Your Financial Future:
West Virginia Rural Retirement Project
While the national financial implications of an aging population that is not prepared for retirement are staggering, in rural communities the problem is more pronounced. There is less opportunity in the rural economy for workers to have access to an employer-supported retirement plan. Many people, especially women, are self-employed or work in the informal economy, doing work for cash and barter.
In West Virginia, the second most rural state in the U.S., women have the lowest workforce participation in the country*, compounding the problems during their retirement years. Since 2003, WISER has been experimenting with innovative grassroots efforts to address this issue through its Rural Retirement Project, staffed by Diane L. Browning.
In partnership with Appalachian By Design (ABD), a grassroots non-profit enterprise, we developed a retirement plan based on the Individual Development Account concept (encouraging savings via training and match programs). Eight self-employed women started self-managed retirement plans and attended financial education classes. In 2008, the project expanded to self-employed childcare workers.
During this phase, it became clear that the best savings vehicle for this group was the Series I Bond.
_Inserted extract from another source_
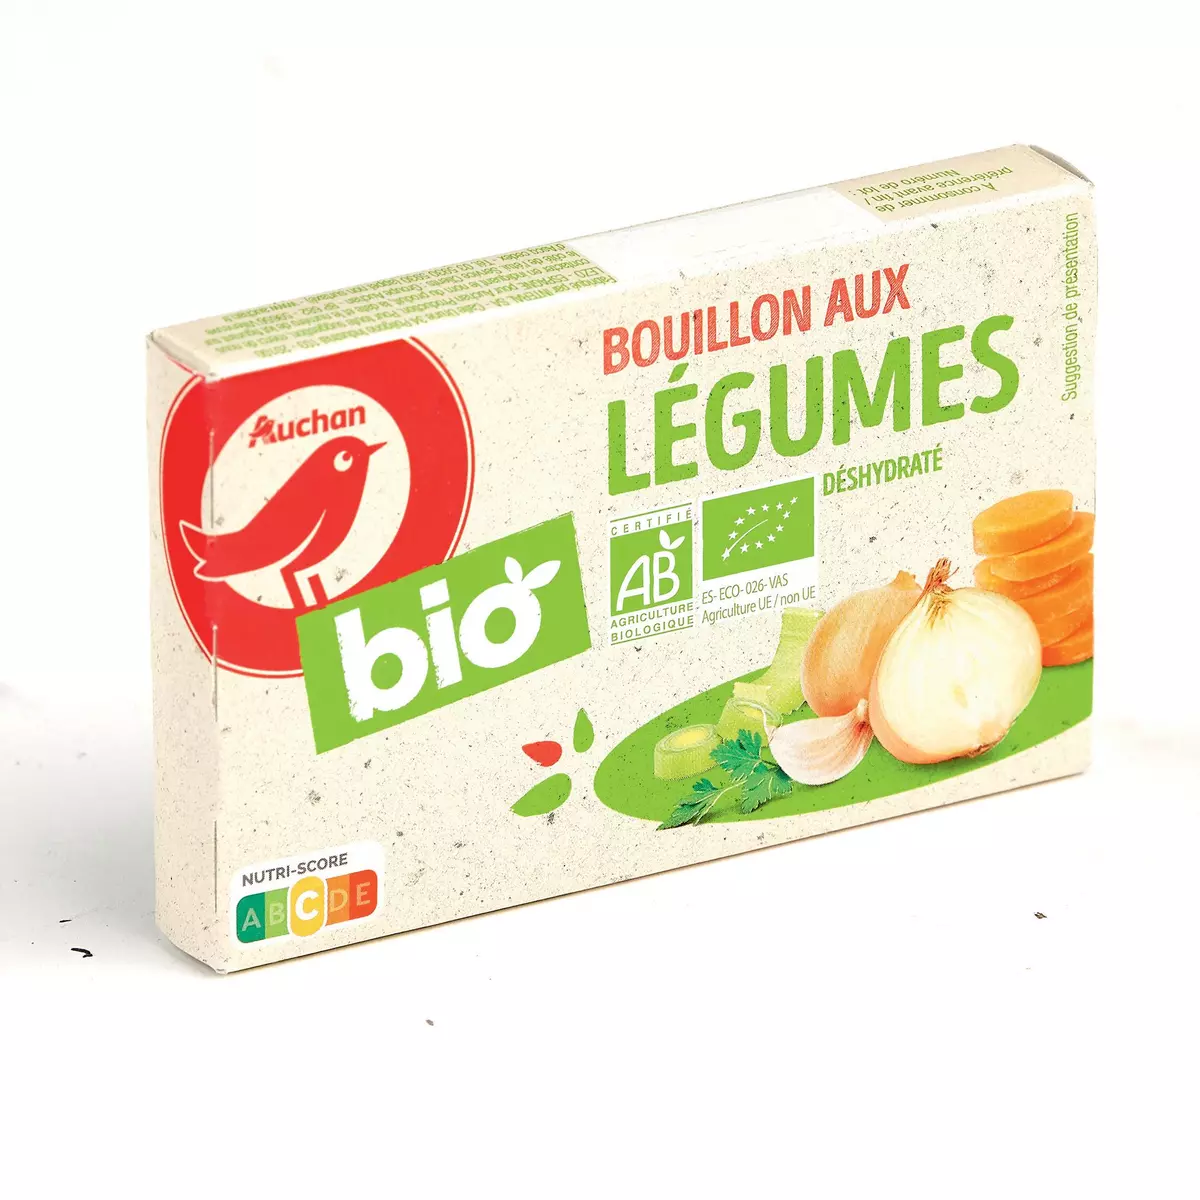 AUCHAN BIO Bouillon aux légumes et aromates 8 tablettes 80g

They are trusted, portable, have small minimums, a competitive interest rate (currently 1.38% through April 30, 2014), no administrative fee, do not require a checking account, are issued in paper or on-line, are available at all banks, can be set up with automatic deposits and, importantly for small savers, they are guaranteed.
Each quarter, if participants attend a financial planning workshop and save money by purchasing an I-Bond, their savings is matched by 50%--an effort to simulate a refundable Savers Tax Credit. The project also staffs a VITA (Volunteer Income Tax Assistance) site, since that is a time when refunds and tax credits, particularly the Earned Income Tax Credit, provide low and moderate income workers with discretionary cash that they can be encouraged to save.
As a member of the Savings Bond Working Group facilitated by the non-profit advocacy group D2D**, WISER participated in meetings and outreach to the Bureau of Public Debt and U.S. Treasury that resulted in the savings bond as a purchase option on the tax form beginning in 2010. This administrative change has laid the pathway that makes offering a new type bond, one that is targeted for long term retirement savings (the R bond), practicable as a savings vehicle which can further be incentivized by an amended Savers’ Tax Credit.
To bring the trial project to scale and to build ground-up support for the concept, WISER is in the planning stages of adding three additional test sites during the next year, as well as producing a White Paper that documents the findings. This paper will set forth the social and economic rationale, along with the operational framework, of putting in place a Retirement Bond.
Click here to check out a great New York Times article on savings bonds.
* Status of Women in West Virginia, Institute for Women’s Policy Research, Washington, D.C. 2002.
** D2D has organized demonstration sites at select VITA locations around the country to offer savings bonds to tax filers; their work, compiled in a July 2009 report “Yes We Can: Inclusive Saving At Tax Time” provided the clear evidence of the value of the option to purchase a savings bond at tax time.